There are so many ways to help — the most difficult part is usually getting a chronically-ill person to accept that help. They do not want to feel like a “burden”. If you offer a vague, “Call me if I can help,” the call will probably never come. But if you are sincere, consider extending offers of specific help, such as a ride to a doctor’s appointment, or picking up a few groceries or the dry cleaning. These activities can be done in a way that does not add any extra burden to your own schedule. If you have to go to the grocery store for your own family, it really isn’t much extra work to grab an additional loaf of bread and jug of milk. If you have to swing by the post office, getting an extra roll of stamps or mailing an additional package isn’t much extra effort for you – but it can save a chronically-ill individual a lot of time, energy, and exacerbation of symptoms.

9. Thou Shalt Remember Important Events.
I’m not just talking about birthdays and Christmas. A major doctor’s appointment, lab test, or new medication are all important events to the chronically-ill person. Try to sincerely ask, “How was your appointment? How did the lab test go? How’s your new medication?” The chronically-ill person will appreciate that you remembered, and that you cared enough to ask about it.

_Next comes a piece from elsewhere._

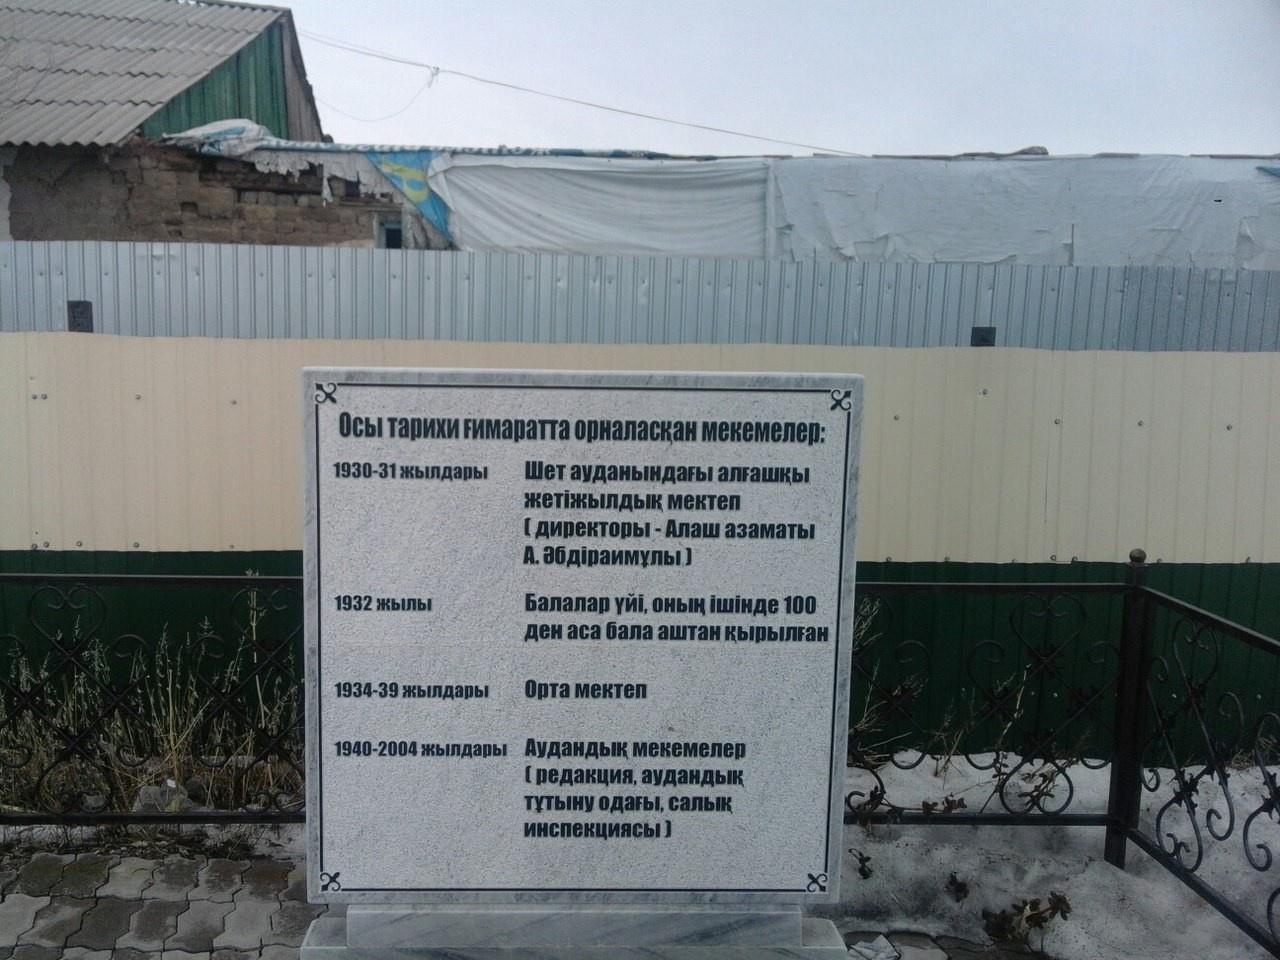 Памятная доска о жертвах голода в Казахстане 1932-1933 гг. Село Аксу-Аюлы, Шетский район, Карагандинская область.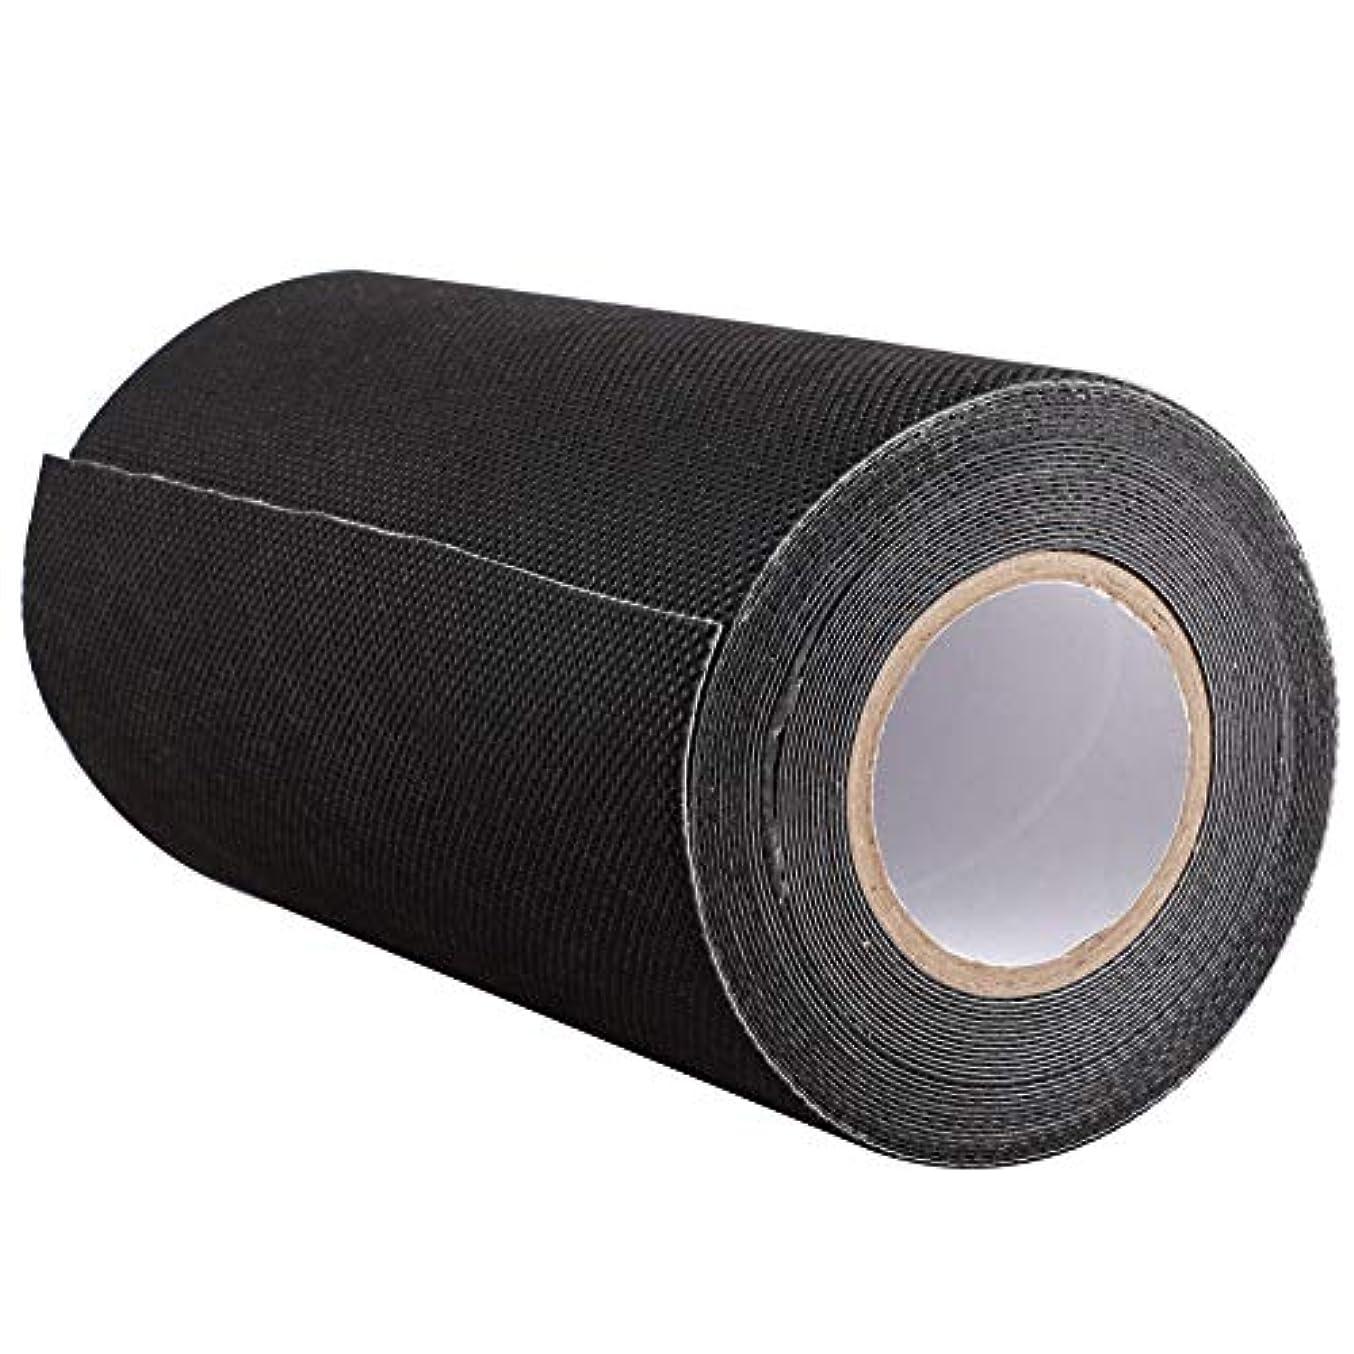 しない全体にここにDOMO 人工芝接着布 人工芝粘着テープ 芝スプライスベルト 15cm×5m ブラック

10. Thou Shalt Get To Know The Person Behind The Illness.
The illness may be a part of us, but it’s not a part of who we ARE. We want to be known as more than “that sick person”. You may discover that we have a wickedly funny sense of humor, a creative imagination, musical talents, or any number of things that better describe who we are, and what we would rather be remembered for. (It makes for better gift ideas too — rather than presenting us with yet another self-help book on the power of positive thinking, now you can give us a CD from our favorite singer or movie of our favorite actor instead.)

Most of all, please remember that the chronically-ill person is more than worthy of love, friendship, and support. Most chronically-ill people I know are the toughest nuts I have ever met. Indeed, I have come to believe that a chronic illness is not for wimps – rather, only the toughest of the tough can continually face the struggles of life while battling a debilitating disease. That kind of grit deserves nothing less than pure respect and admiration, even from our toughest critic — ourselves.